### [Task brief]
The full listing is to be transcribed exactly, with each picture left out.

### [Information shown]
• • • • • • •
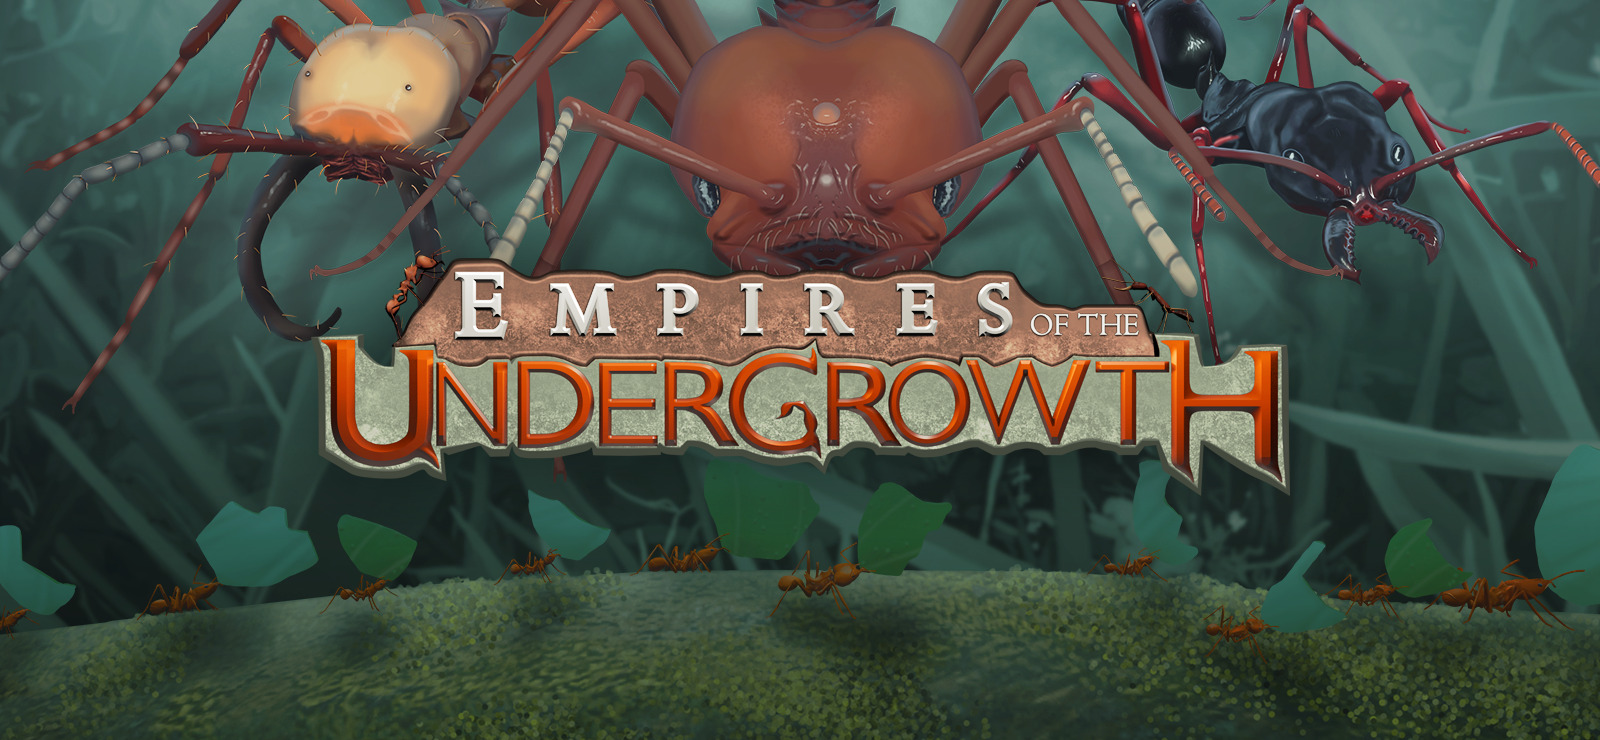 empires of the undergrowth 3.1
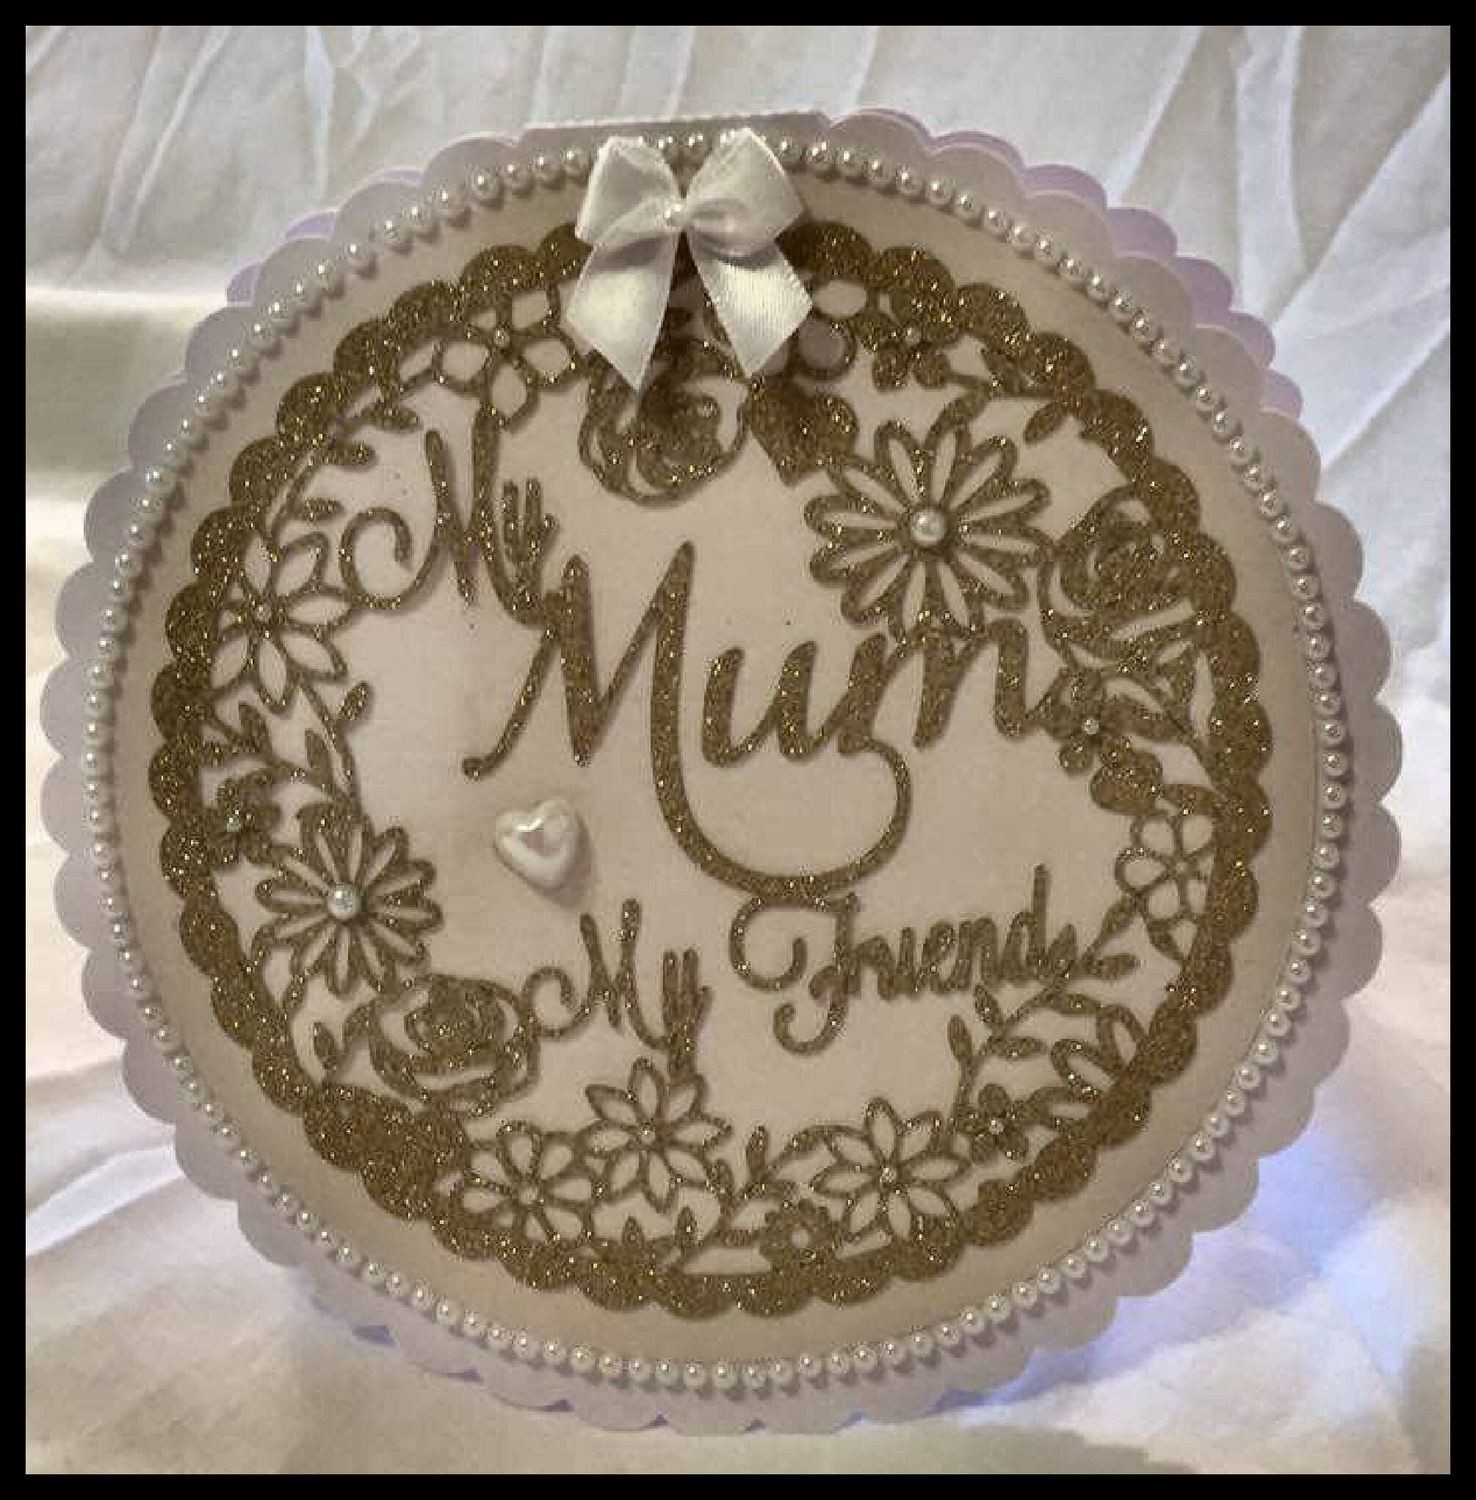 Mum My Friend - round decorative frame ideal for Mother's Day.
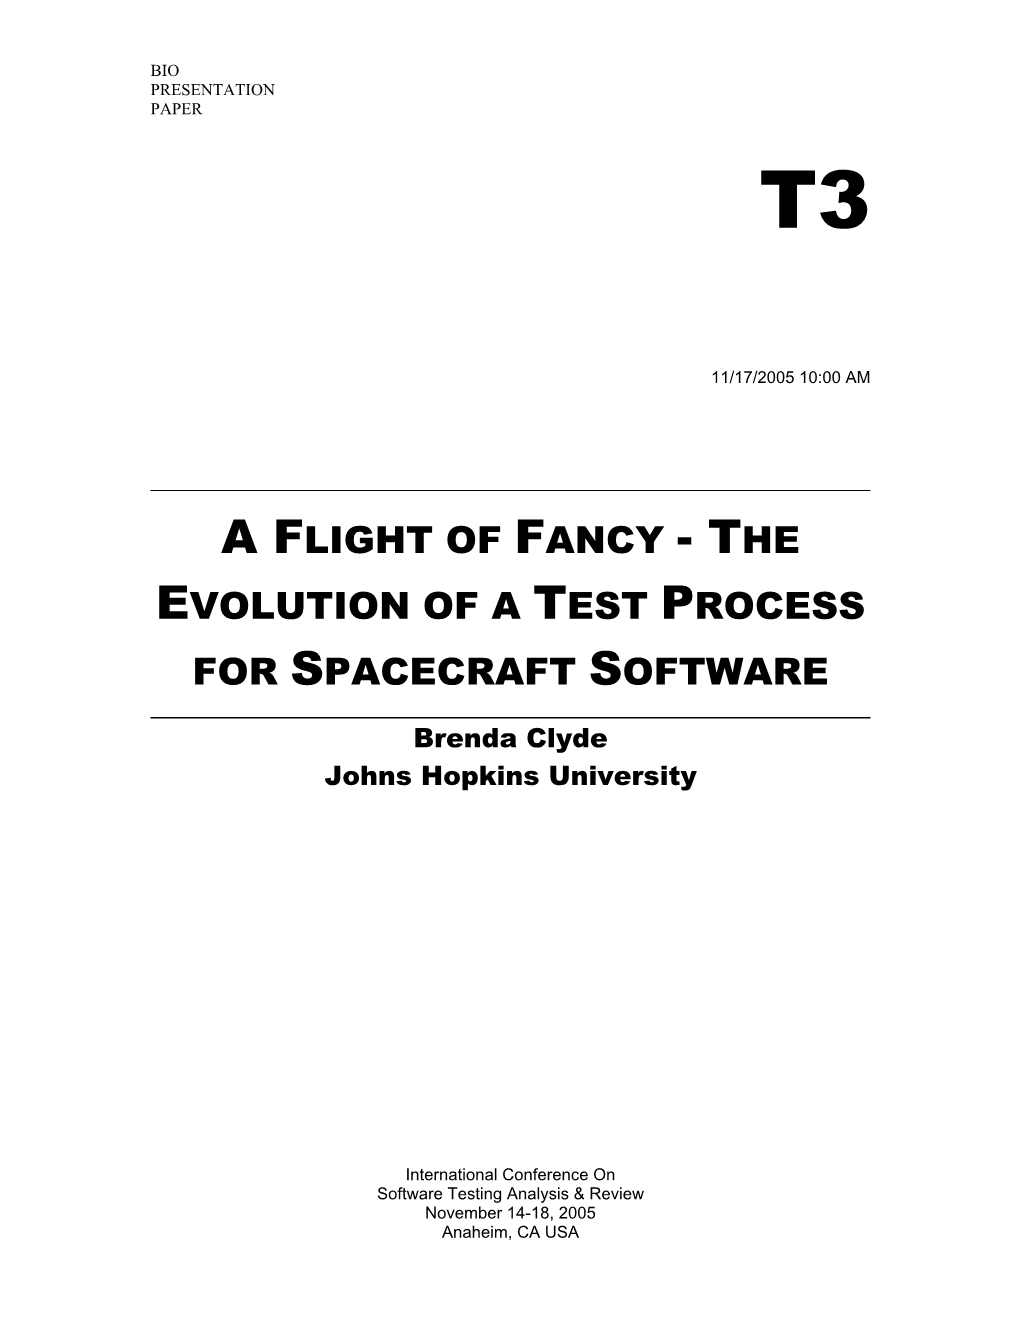 The Evolution of a Test Process for Spacecraft Software
• • • • • • •
### [Result of this exercise]
 empires of the undergrowth 3.1
 Mum My Friend - round decorative frame ideal for Mother's Day.
 The Evolution of a Test Process for Spacecraft Software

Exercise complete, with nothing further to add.